__Input for this task__

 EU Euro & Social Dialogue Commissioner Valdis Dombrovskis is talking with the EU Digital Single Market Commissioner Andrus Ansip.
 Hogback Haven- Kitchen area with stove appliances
==
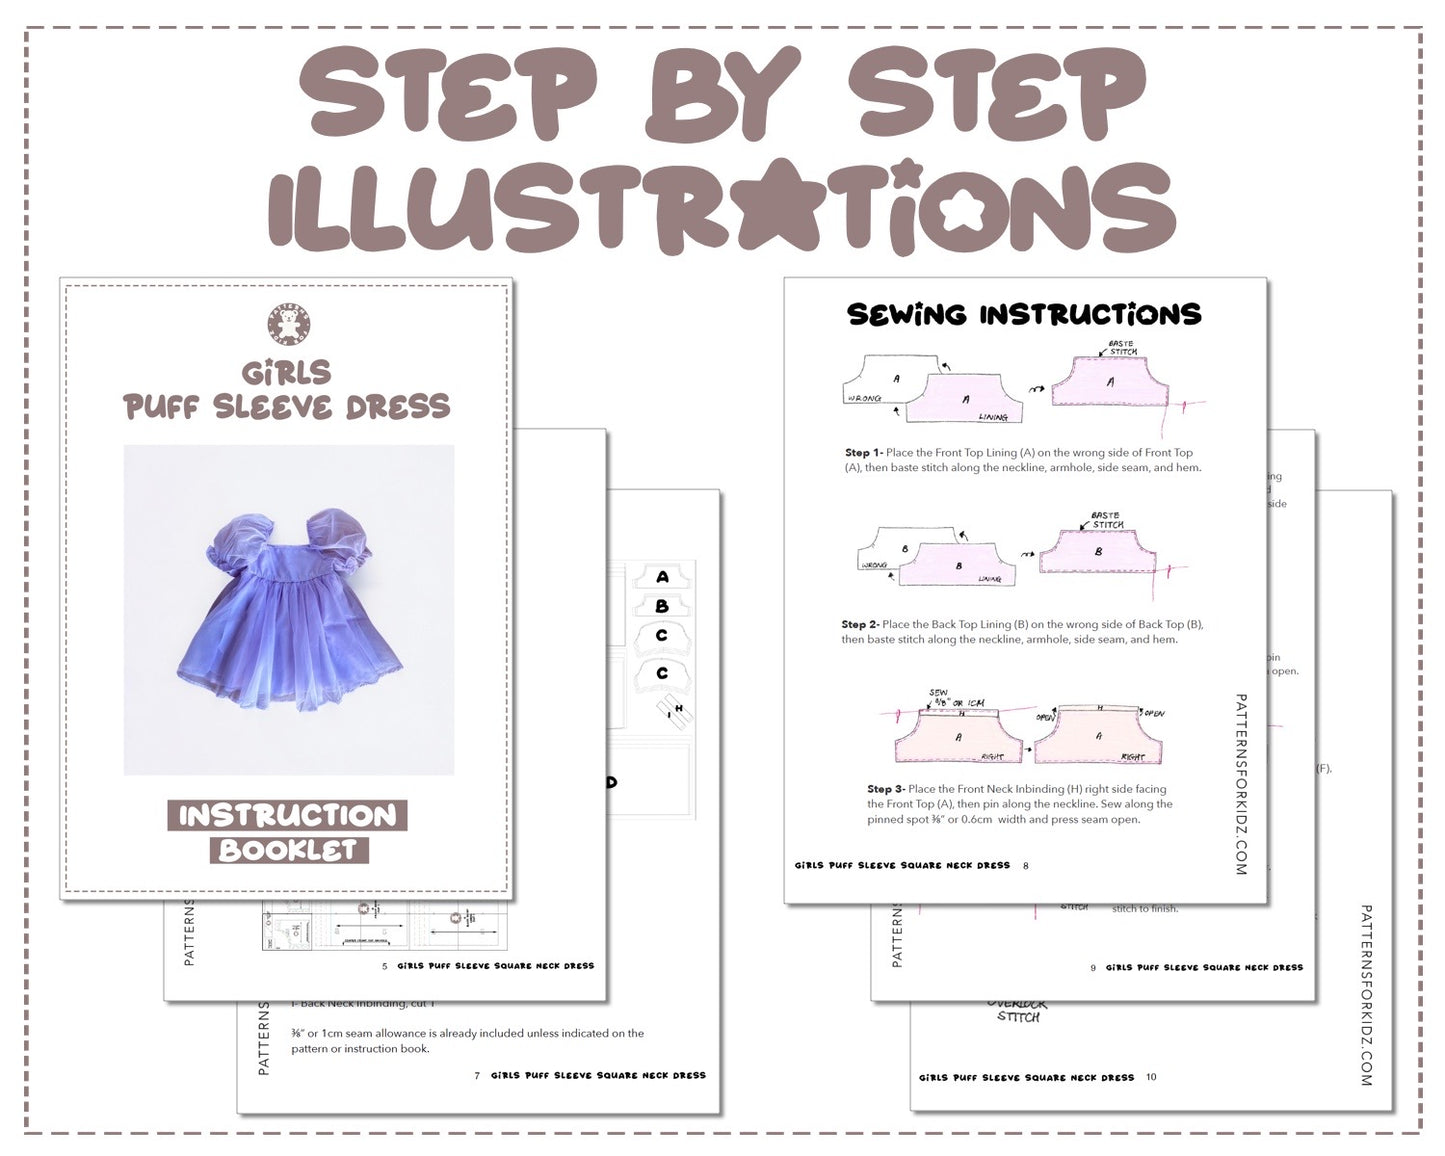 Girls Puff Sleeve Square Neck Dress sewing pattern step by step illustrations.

__What is needed__
Reproduce, character for character, only the lines of the preceding data that start at the line with "EU Euro & Social" and end at the line with "Hogback Haven- Kitchen", both included.

__Solution to the exercise__
 EU Euro & Social Dialogue Commissioner Valdis Dombrovskis is talking with the EU Digital Single Market Commissioner Andrus Ansip.
 Hogback Haven- Kitchen area with stove appliances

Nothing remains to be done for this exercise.